In the morning I will make my coffee first, brush my teeth, then take my cup with me to sit. Because in my mind it works for me to have a ‘conversation’.  I’m having a cup of coffee with myself and I do myself the favor of giving myself enough quiet time to ‘hear myself think’. This goes a long way to help me deal with stress, distress and suffering with care, compassion and kindness. I have found a means of support. And I make this a pleasant encounter –  something I can enjoy with all my senses.

Sensual Practice

I use botanical oils. I also use incense. I use a candle. I have a saucer of water. I have a purple cushion. Whole cultures have developed a range of means for your support. Find your tools. But whatever tools they are, make them certain.  Make them available and reliable.  Make them part of your routine.  It could be something very, very small. You might bring in a momento or a photo to put where you practice.

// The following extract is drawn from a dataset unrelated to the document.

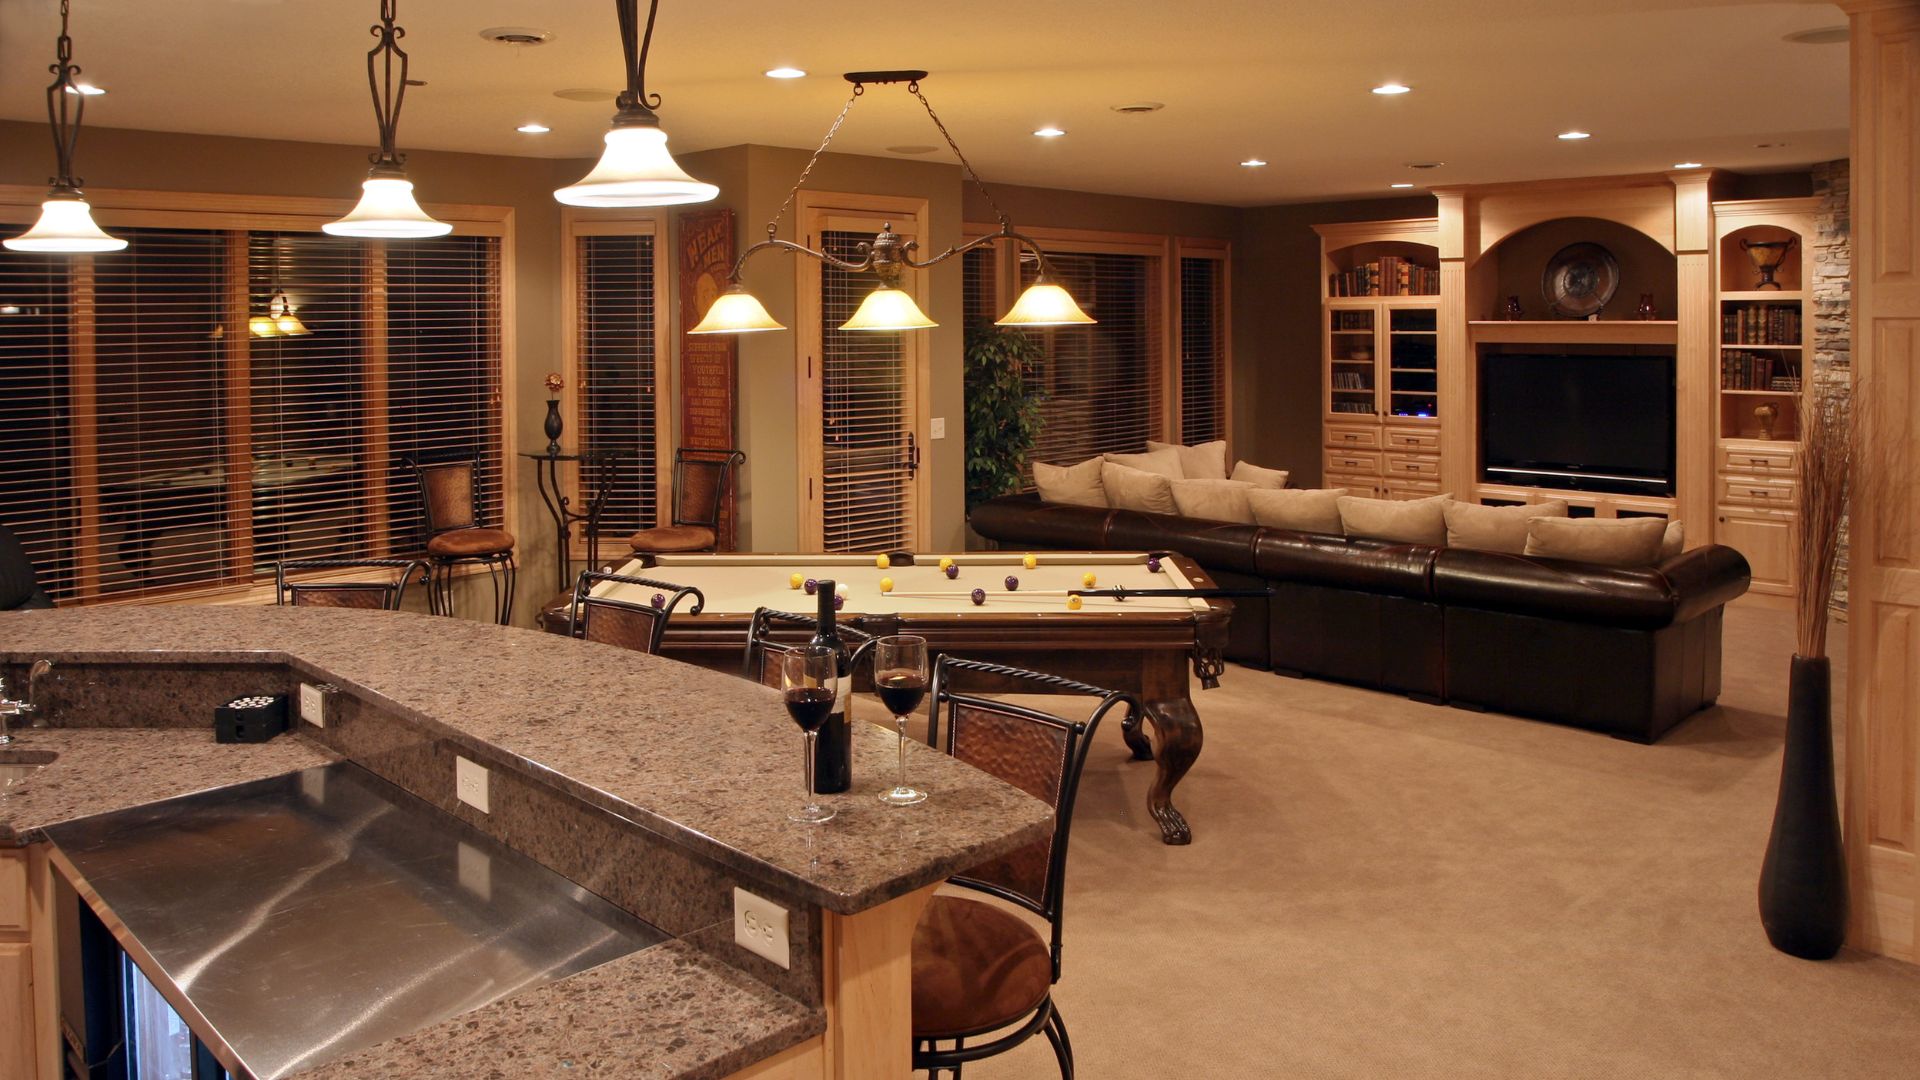 Basement Bar area in living or entertainment area

Another one of my students asked me, can I do this in the bathtub? This is sensual practice.  If the only place you’re capable of sitting with your own suffering, with your own stress and distress, is in a bathtub? Then do that.

But tell me. What does this say about your approach to your life and to others? Are you so enmeshed in the phenomena of your day that you cannot turn towards yourself – be a friend to yourself – for three minutes, five minutes, or ten?  Can we just have a look at that?

Perhaps it is a matter of respect. Unless you respect that triangle of stress, distress and suffering in your own life and approach this with kindness, compassion and care, you certainly cannot be with the stress, suffering and distress of others.  Nor of the planet. You are turning your back on yourself.  On the planet.  And on your community.

We as a human species must be able to be aware of distress within ourselves, of the distress of the planet, and of the stress and suffering we are encountering amongst ourselves, in our environment, amidst our families, with our colleagues and in our communities. Our planet is in deep distress.  Can we take our awareness practice to that? With care, compassion and kindness?

Preparation for practice is bringing courage and respect to the prospect of being able aware of ourselves, being aware of the suffering we carry in ourselves and of the suffering we extend to others.

Perhaps you have a place on your couch and you’ve got a little cloth coaster that helps you feel good.  And so you put that coaster on the arm of your couch and you have your mug or your tea cup that reminds you of your mother (in a good way!).  You have created a space of significance.  This space has meaning for you. This is your nest.

So take your ‘muggy mug’ that I talked about in the previous blog on overwhelm. And perhaps you can simply sit here for a minute, for three minutes.  Don’t go turn on the TV, don’t go to your phone, simply sit there. Perhaps you can feel yourself turning away from all that external stimulation as you begin to turn inward. Start with one hundred and eighty seconds.

If you can do that, you’ve got a start.